Sunday, May 26, 2024

RED, WHITE & BLUE

It’s May and the scent of blossoms are in the warming air but for a 9 year old it was the month for the countdown to the Annual Millville Memorial Day Parade.  And this year I had an iron-clad plan to finally win a blue ribbon for best decorated bike in the parade for kids 12 and under.  I had been working up drawings of my decorating design and this year I was sure had the winning combination of the standard RED, WHITE and BLUE crepe paper.  I used my 4th grade arithmetic skills to figure out how much I needed to do the job. Steamers from each handlebar grip = 1 foot. Weaving three colors through the spokes of a two wheeler (guesstimate only) = 3 feet each. (This would prove to be a faulty guess on parade day.)   Wrapping the frame = several feet.  This was getting complicate so I gave up and decide that two rolls of each color should be enough. 

On our shopping trip uptown the weekend before the parade Mom bought me six crepe paper rolls from Woolworth's - a much better grade of that crinkly stuff than J.J. Newberry’s five & dime had to offer.  It was twenty five cents for a roll of 10 feet.  
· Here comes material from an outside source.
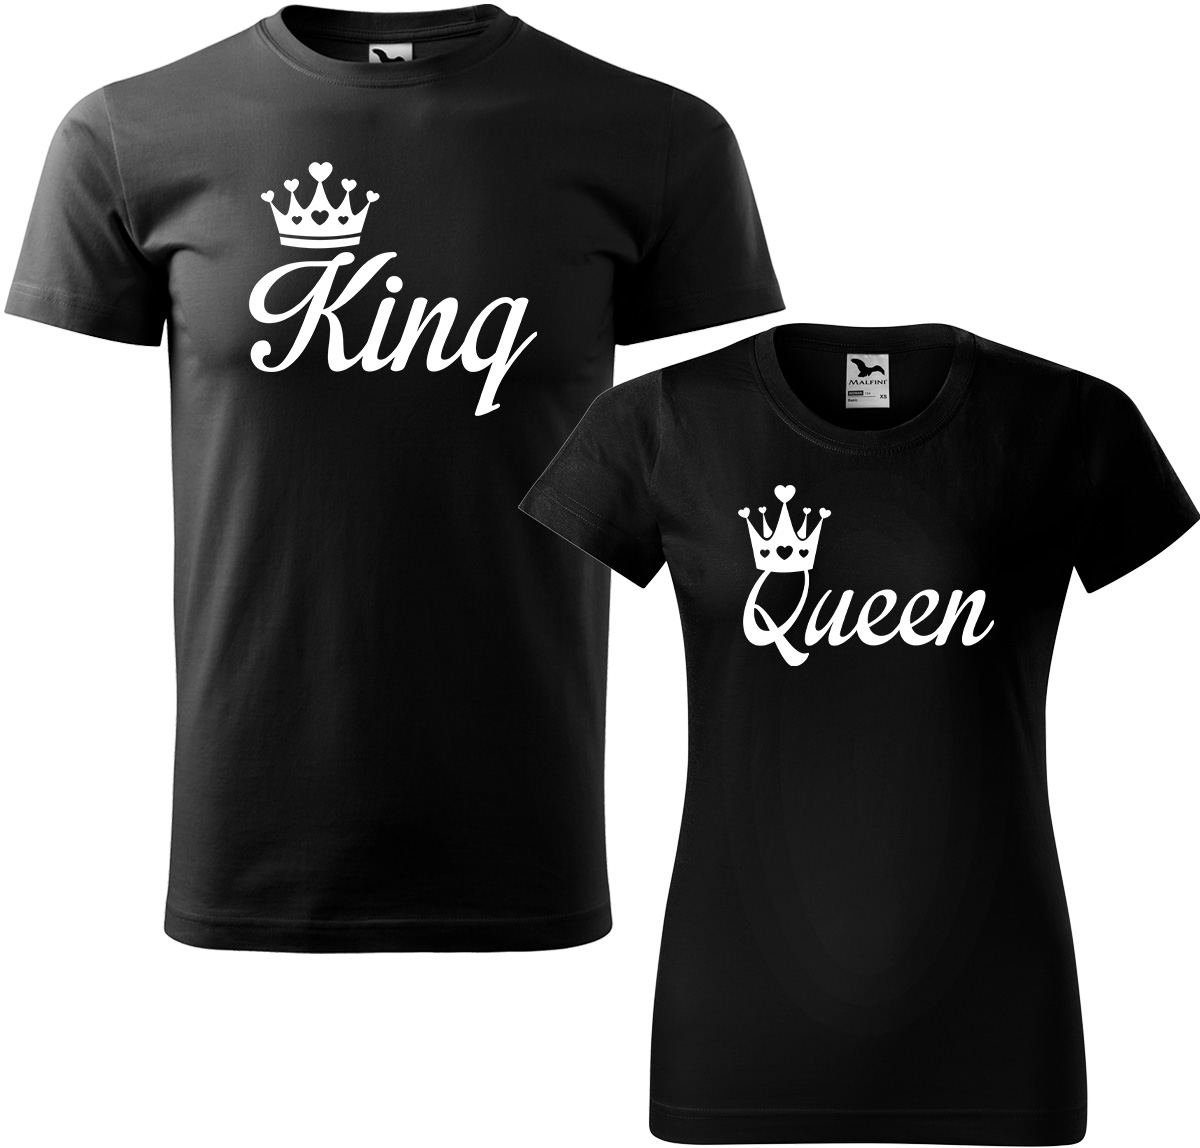 Trička pro páry - King a queen Barva: Černá (01), Velikost dámské tričko: 2XL, Velikost pánské tričko: S
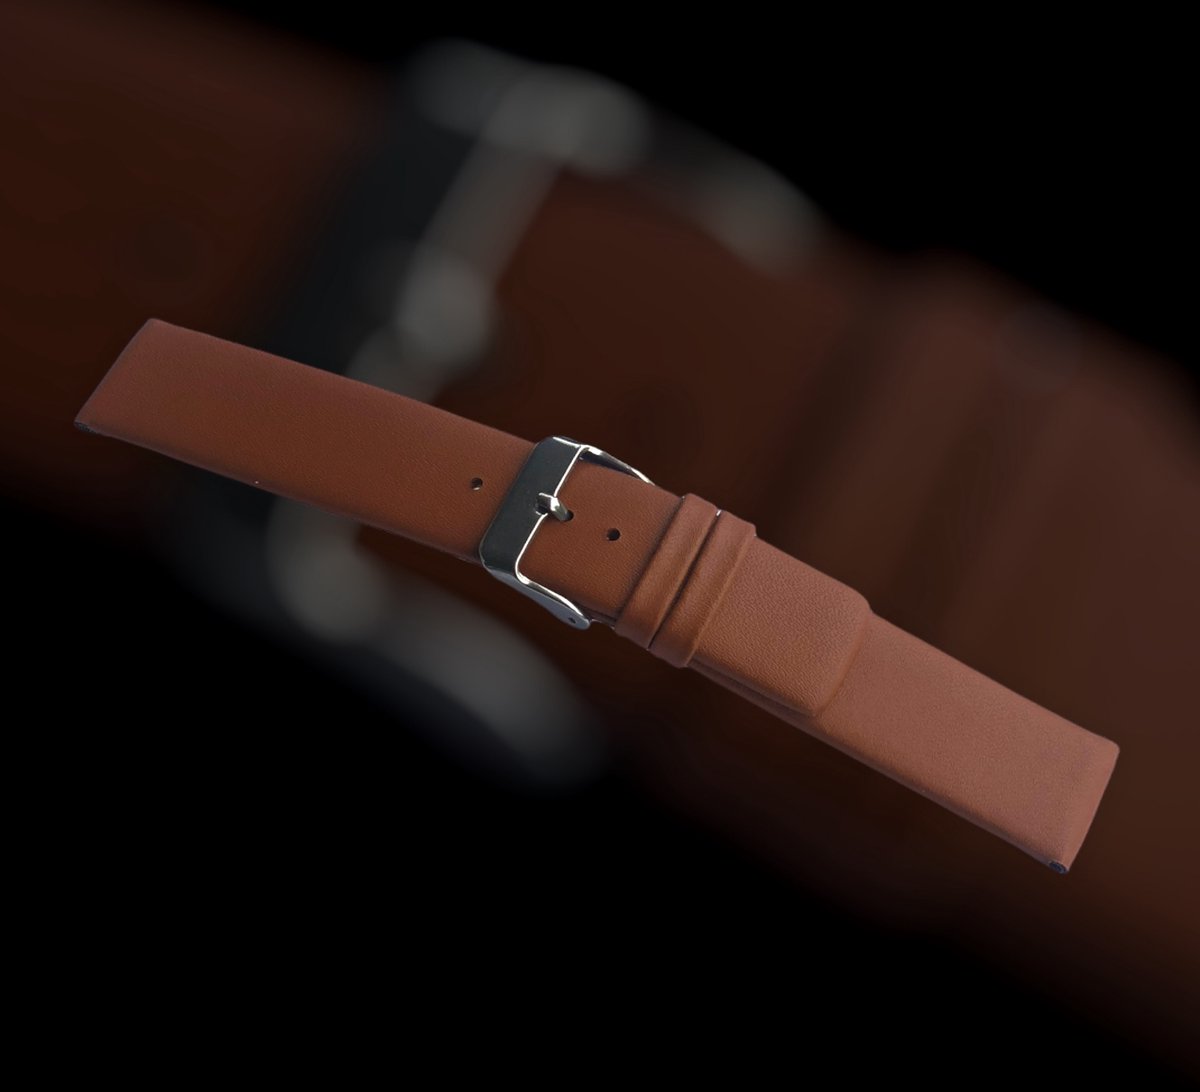 horlogeband-horlogebandje-14mm-echt leer-bruin-recht-zacht-plat-leer-14 mm

The week crawled by.  I needed more than crepe paper to win it all.  But what?  After much thought,  I had a great idea to add to my design plan. I would dress as Uncle Sam!  That idea faded quickly when I tried to figure out where to get a stars and stripes costume and top hat.  I chalked off that idea.  Then I got an absolutely brilliant flash of a solution.  I would wear my one white dress shirt.  Blue jeans and …a red something?  But I needed a red something…and Mom came up with it, her red Christmas Scarf.  I would just have to overlook the few holly leaves embroidered on it and the smell of camphor balls. 
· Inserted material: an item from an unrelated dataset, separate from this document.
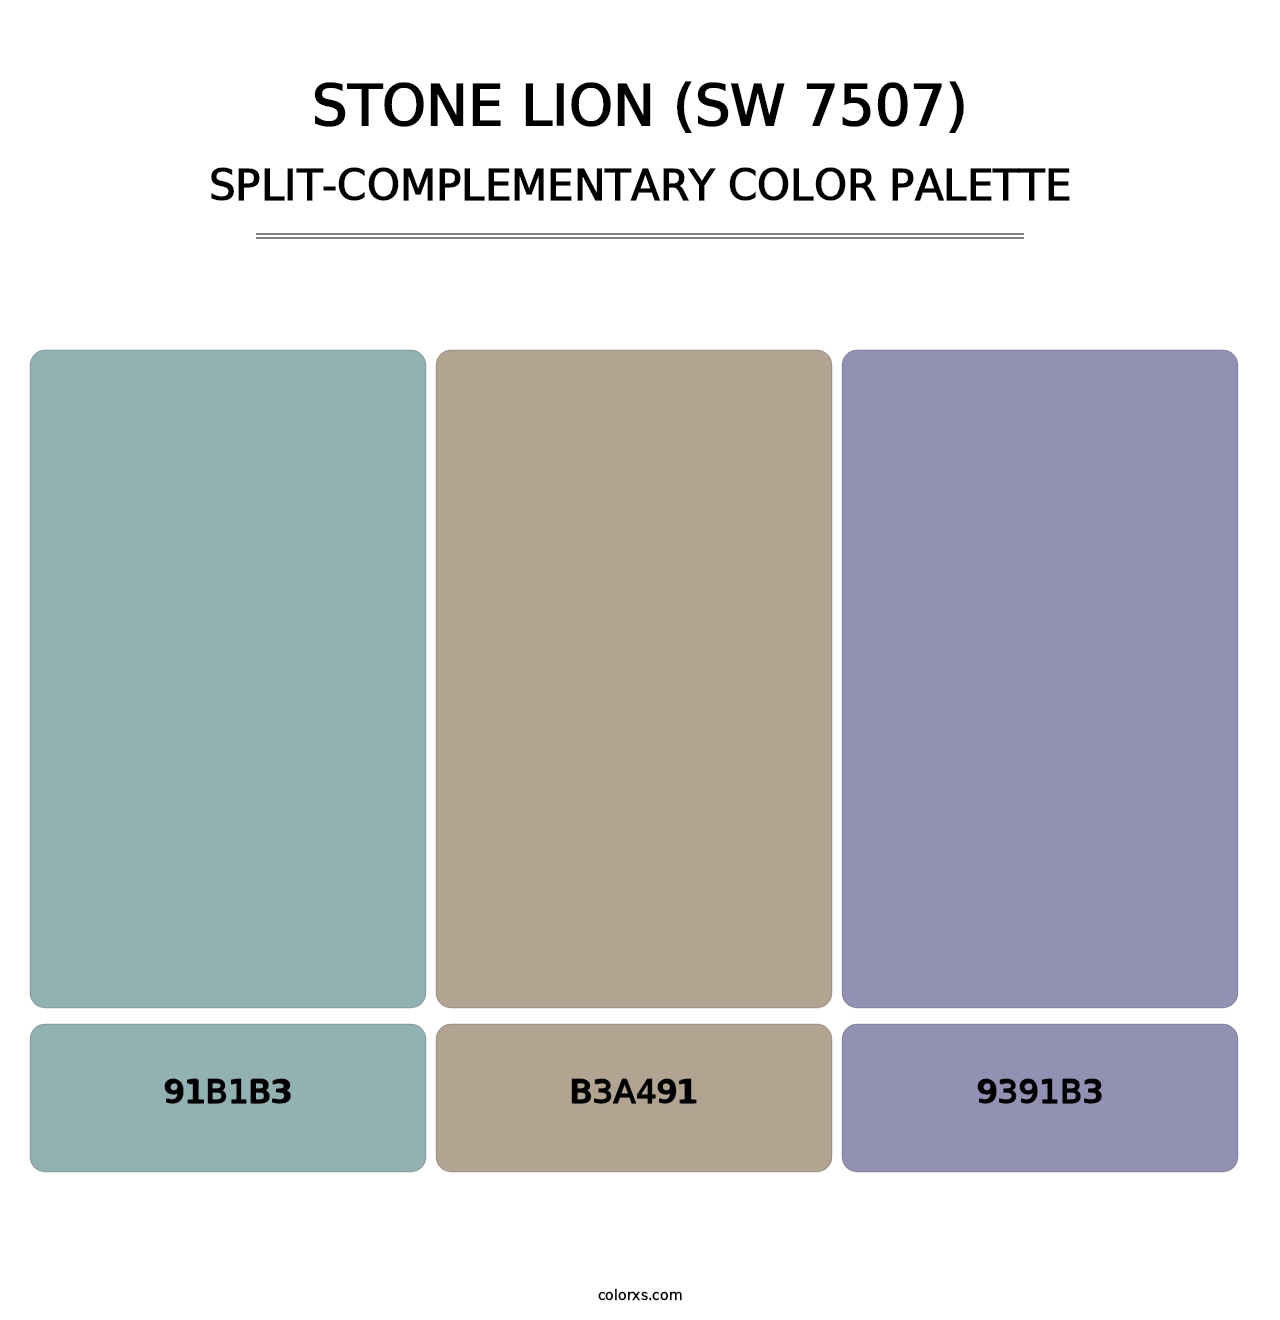 Stone Lion (SW 7507) - Split-Complementary Color Palette

 I started two nights before Memorial Day to painstakingly decorate my new Schwinn bike.  I created steamers and stretched them carefully  – this created a magical extra crinkle - a trick I learned in art class.  Things were going well until I ran out of paper wrapping the last part of the bike frame.  I was distraught.  My design was not complete.  But I was saved by my mom once again who bought me one more roll of red after work the next day. Mom said, “That will have to do,” since she had bought the last roll left in town.

On the morning of the parade I rode my bike the 2 miles to the High and Broad streets. It was hot already and my shirt was already sticking to my back. The forming area was at our town's train station parking lot.  The high school band was there tuning up.  I surveyed my competition.  Yikes - there were 23 contestants for the blue ribbon and 4 of them had red, white and blue ideas too.  Oh, well, I decided my attempt at bike decorating had a chance to impress the judges at the end of the parade route and win the day because I was the only one dressed to match his bike. 

At 10 AM we began peddling down the “great white way” which we all called our main drag of a few blocks.  The band played a fairly recognizable rendition of “It’s a Grand Old Flag” – and repeated it the whole way because I guess they it was the only tune in their high school patriotic repertoire.  I saw mom and my grandmother proudly waving little flags a few blocks down from the start. A proud moment for me as I weaved my weaved back and forth from curb to curb .  (This wasn’t intentional, peddling a bike at walking speed is not the easiest thing to do.) We turned at the grey stone “Bank by the Clock'' and made the long trek (uphill) to Mount Pleasant Cemetery a couple of miles away.  The crowds thinned out as we left the downtown.  Made it to the special place for our fallen soldiers. The salute of the rifles by the American Legion color guard, dressed in their full battle array woke everyone up.  This aspect of the day for a kid was more exciting as the parade itself.  We held our ears.  Bang, bang…and then far off across the field of gravestones we heard a bugle playing the solemn sound of Taps that echoed off the many resting places.  And when I hear the mournful sound of it played today it still gives me goosebumps.  I was drenched in sweat and slowly walked my bike back to City Hall where the prizes were given. 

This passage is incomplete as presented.